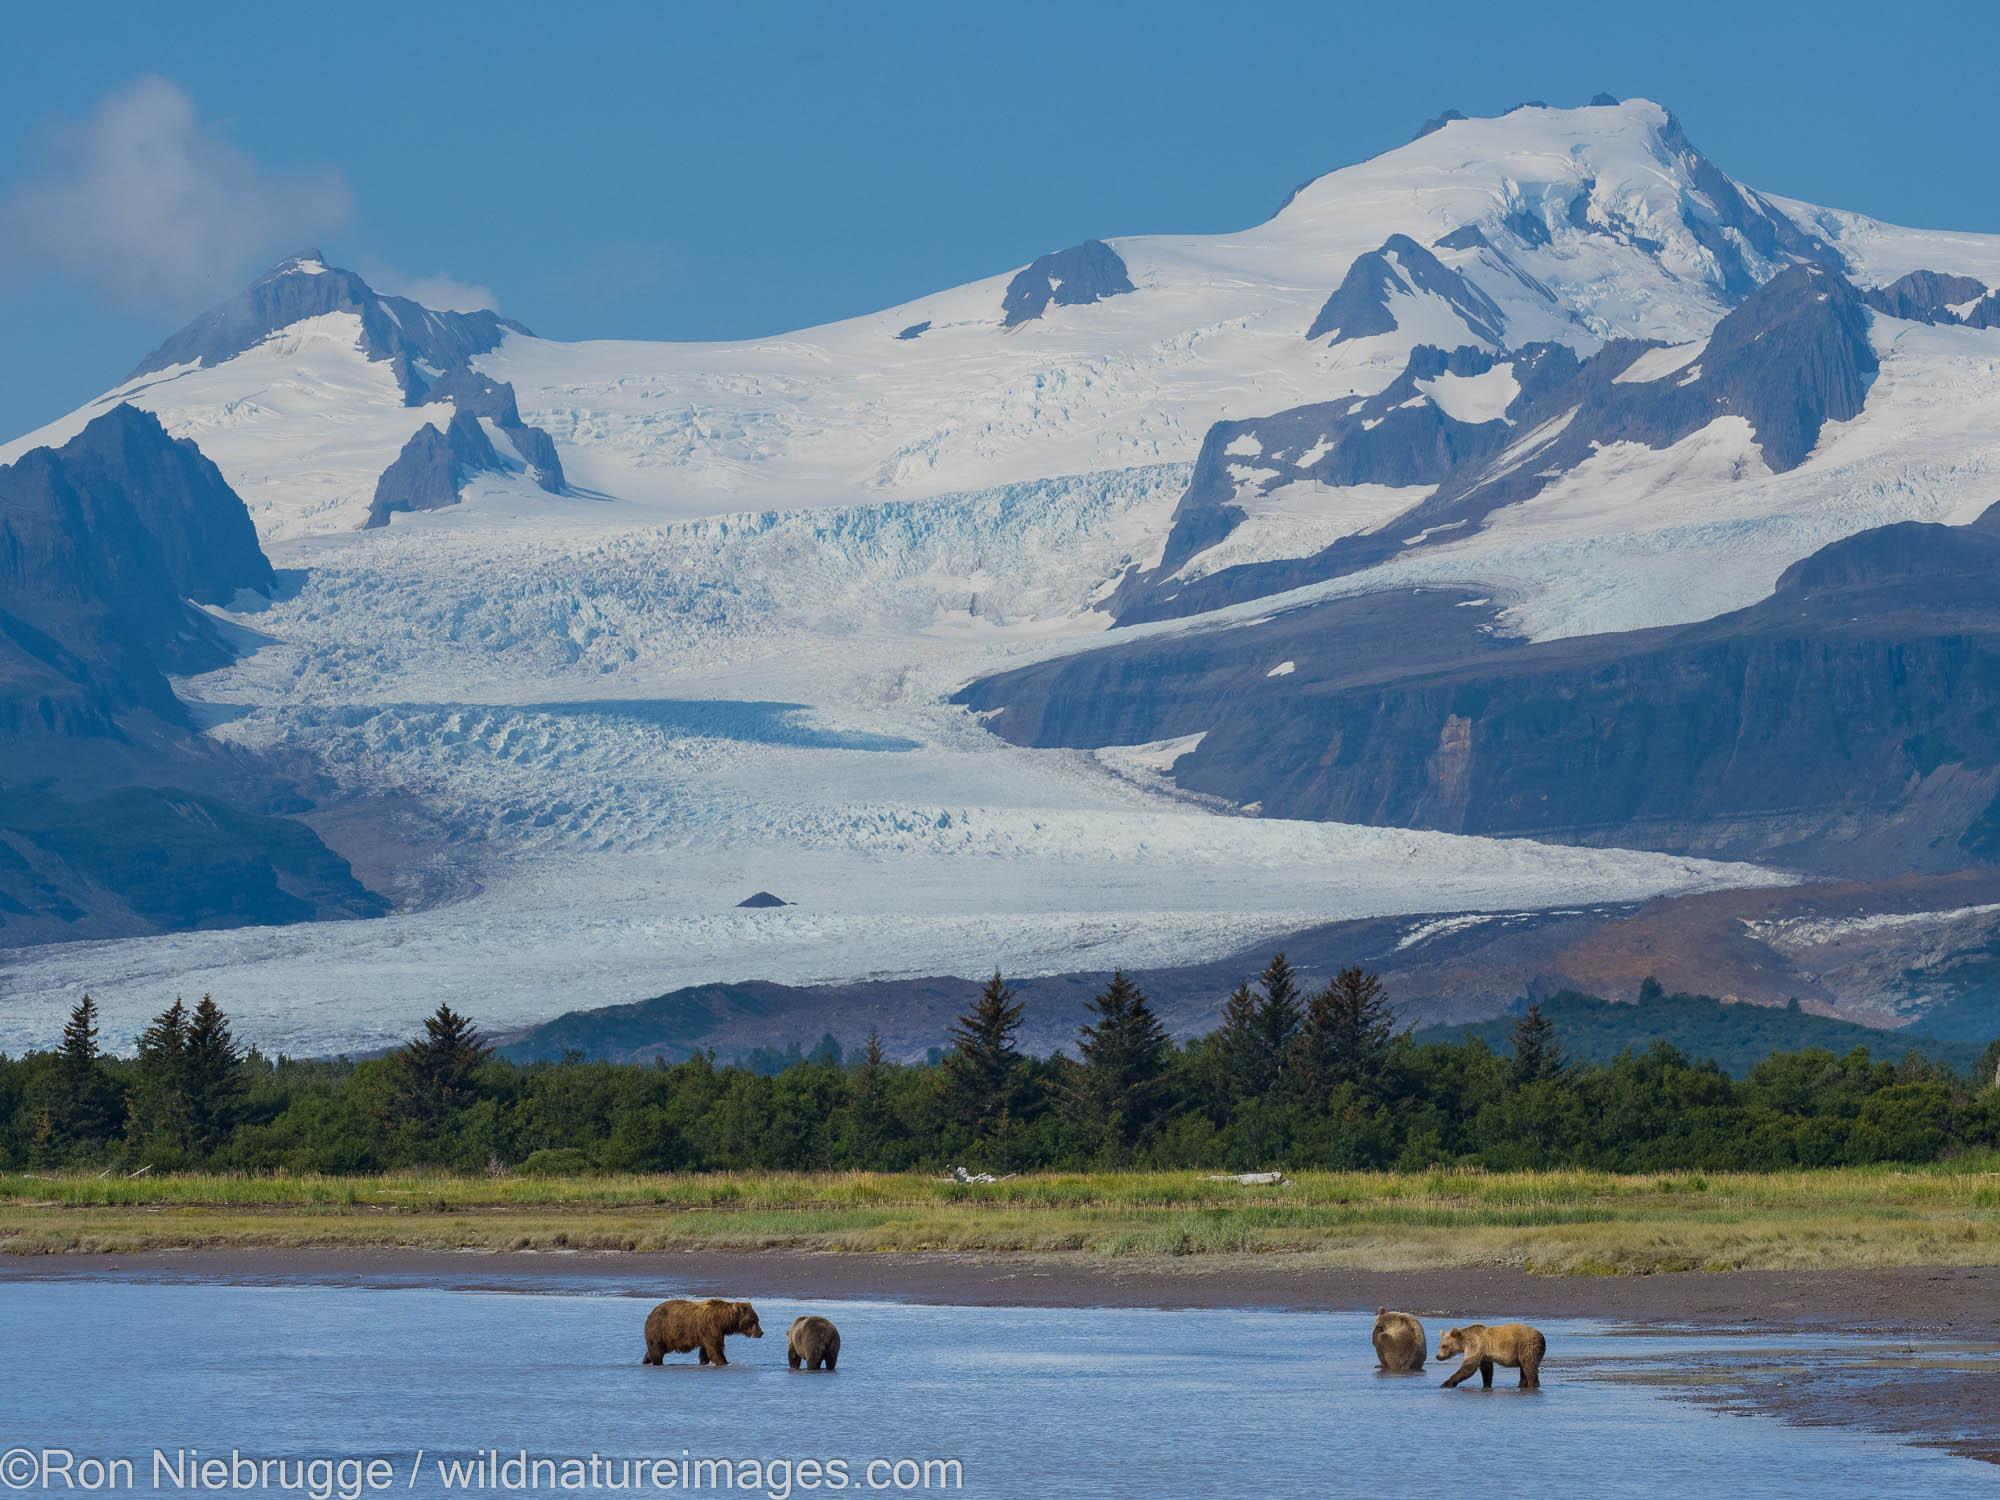 A Brown or Grizzly Bear, Hallo Bay, Katmai National Park, Alaska.
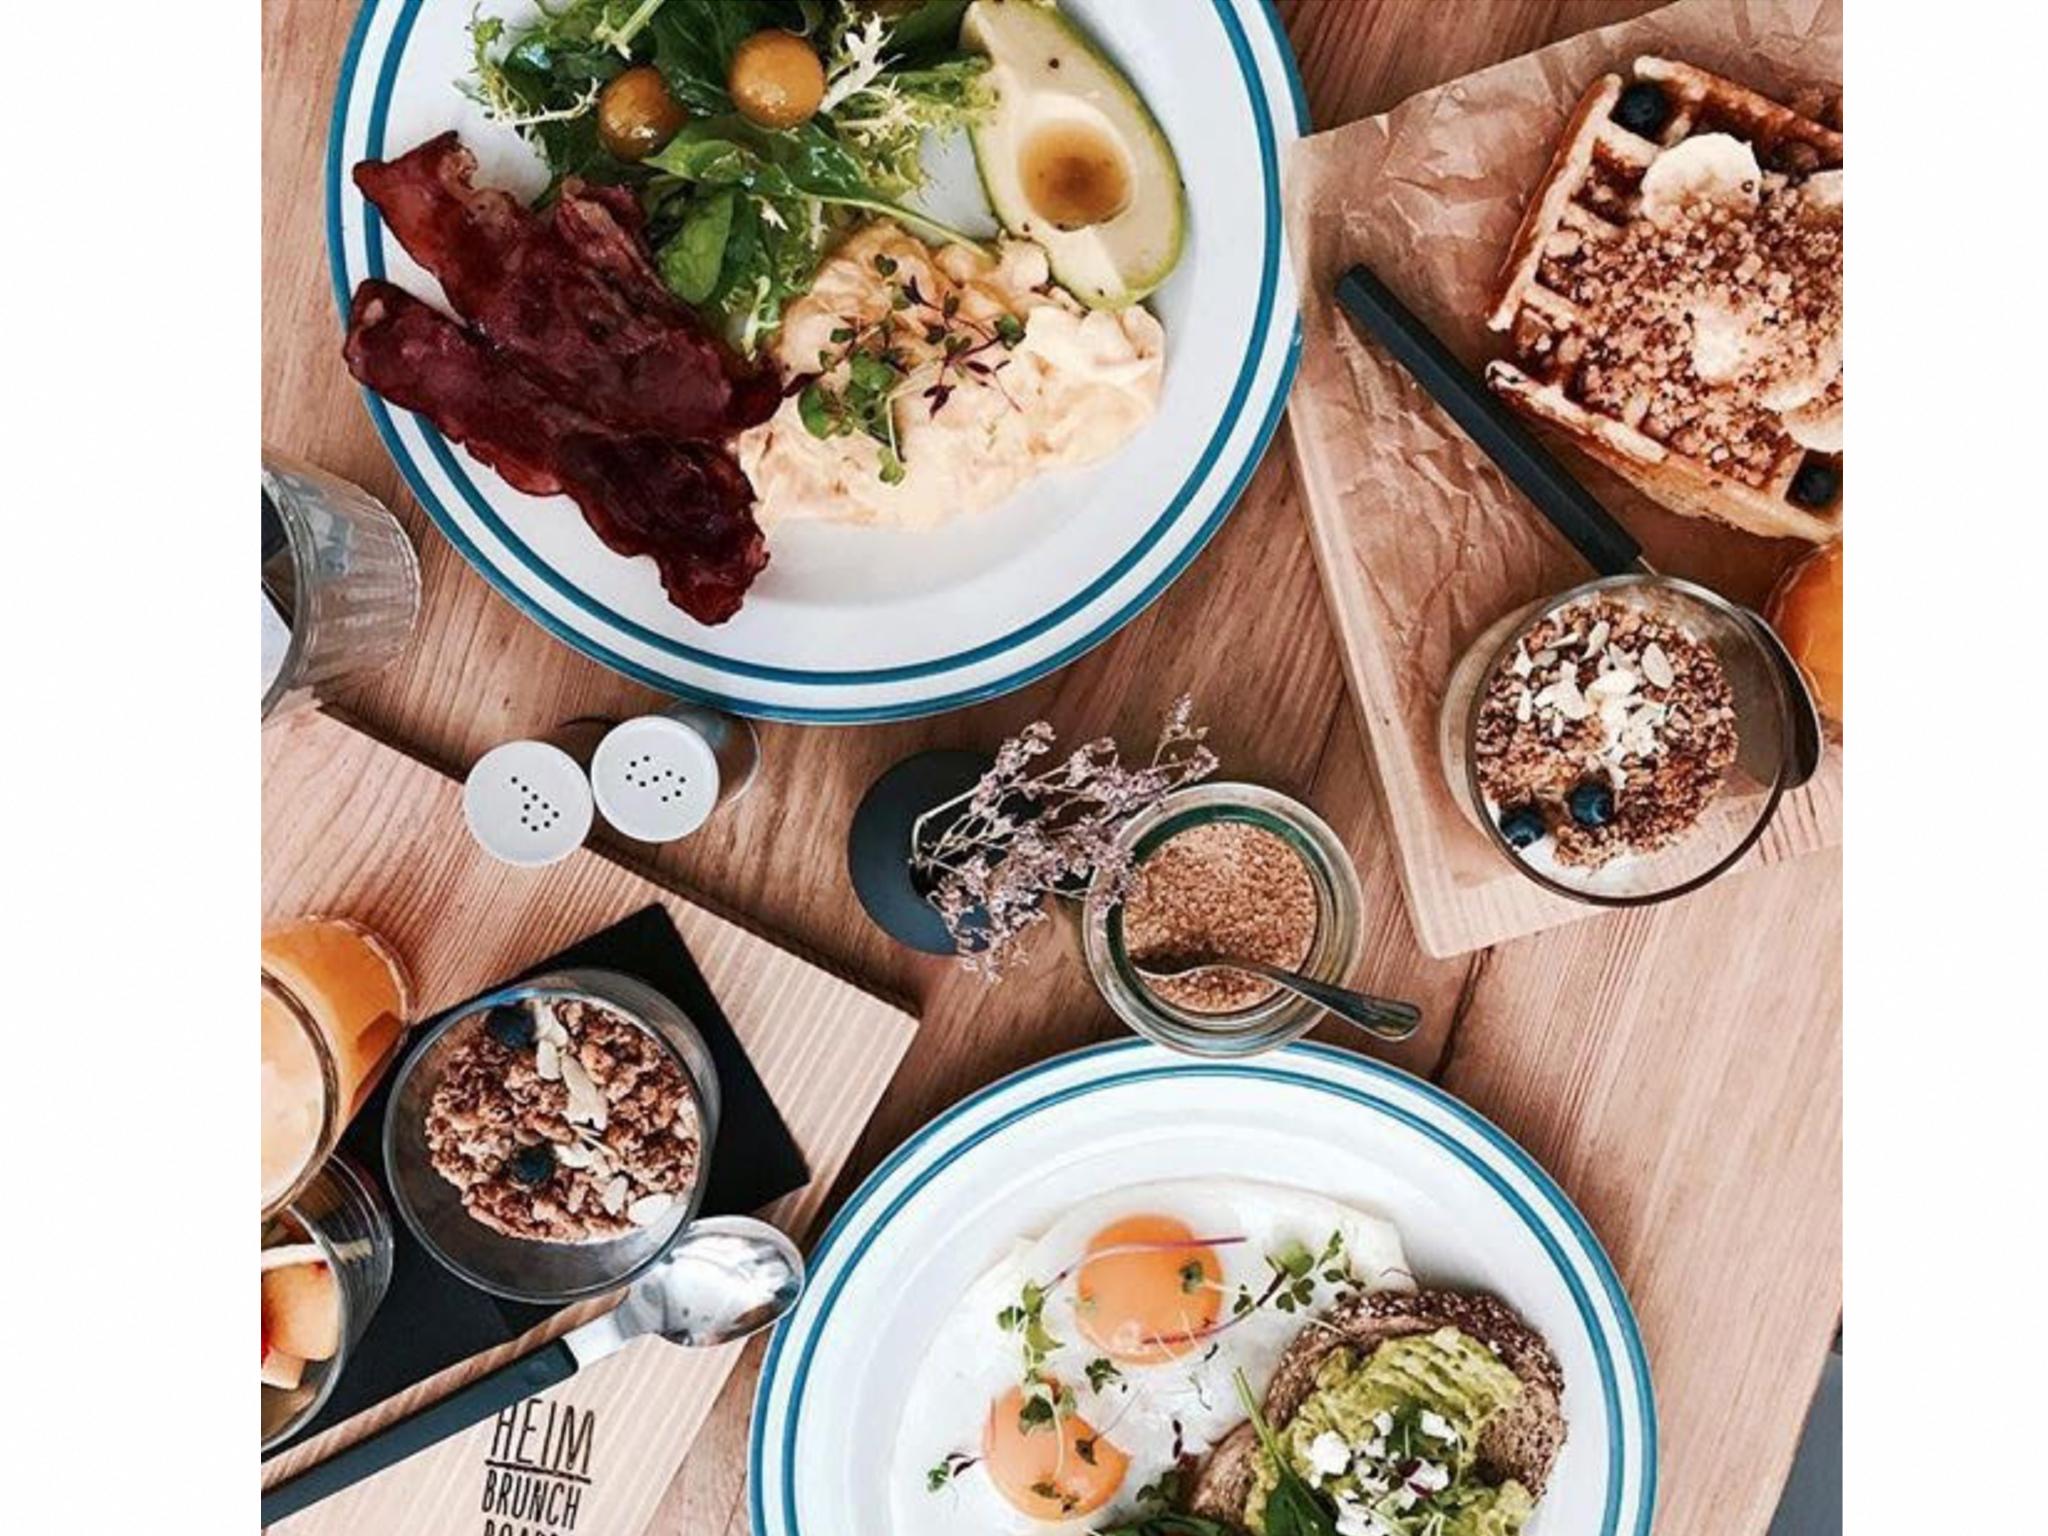 Restaurante, Heim Café, Brunch
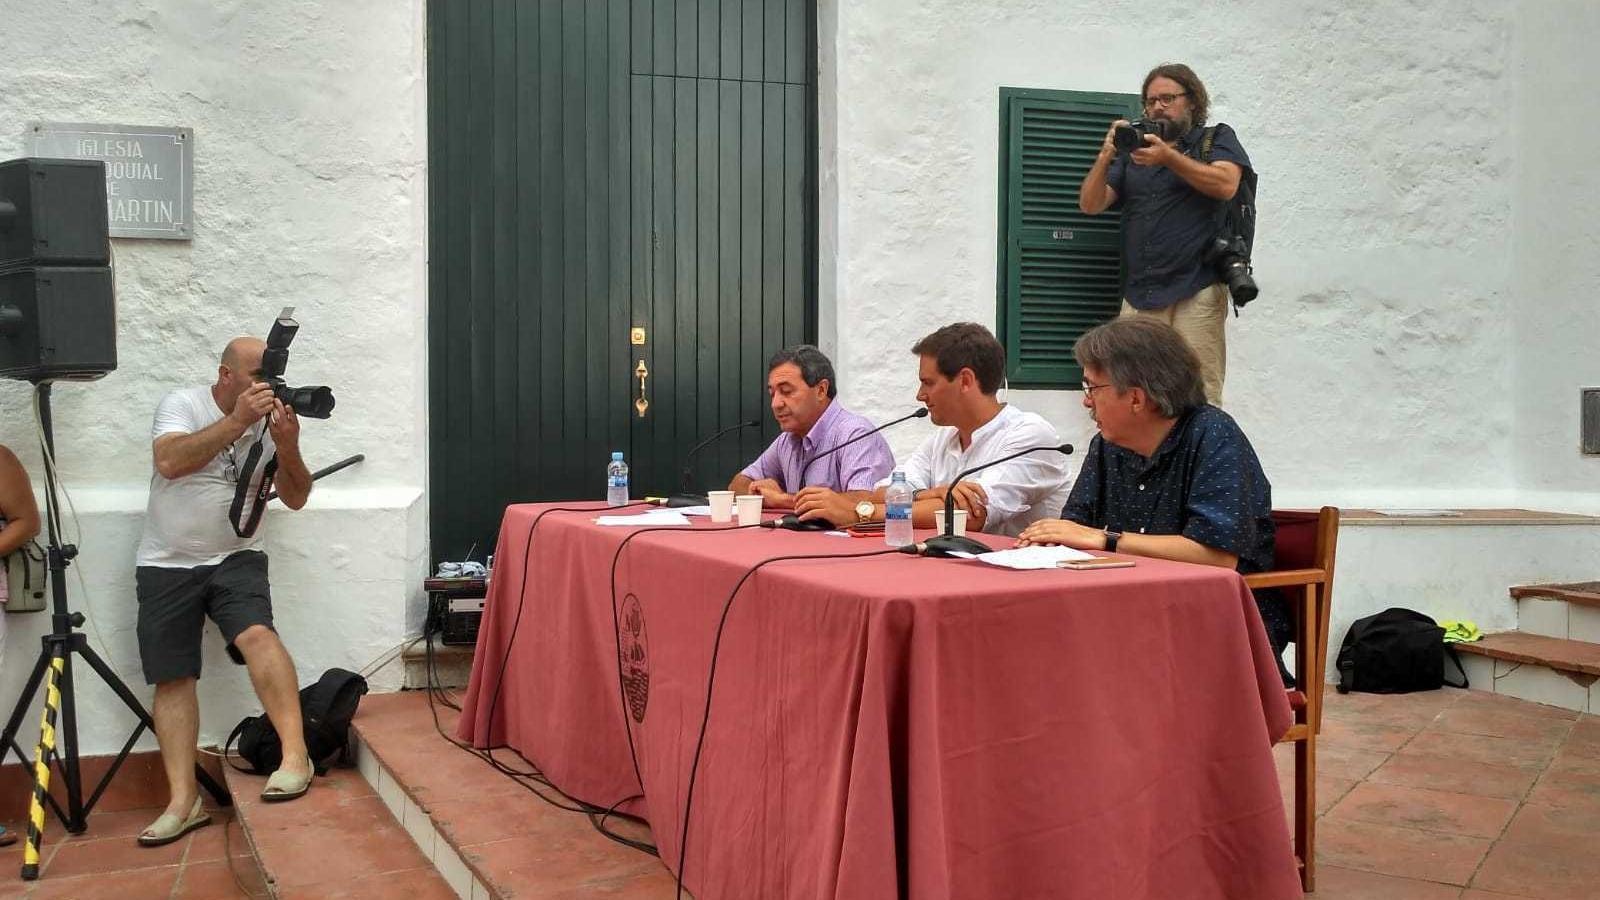 El president de Cs a Balears, Xavier Pericay, el president estatal de Cs, Albert Rivera, i el batle del Mercadal, el socialista Francesc Ametller.

§ What this task involves
Leaving out all pictures, transcribe the listing exactly.

§ Expected answer
 A Brown or Grizzly Bear, Hallo Bay, Katmai National Park, Alaska.
 Restaurante, Heim Café, Brunch
 El president de Cs a Balears, Xavier Pericay, el president estatal de Cs, Albert Rivera, i el batle del Mercadal, el socialista Francesc Ametller.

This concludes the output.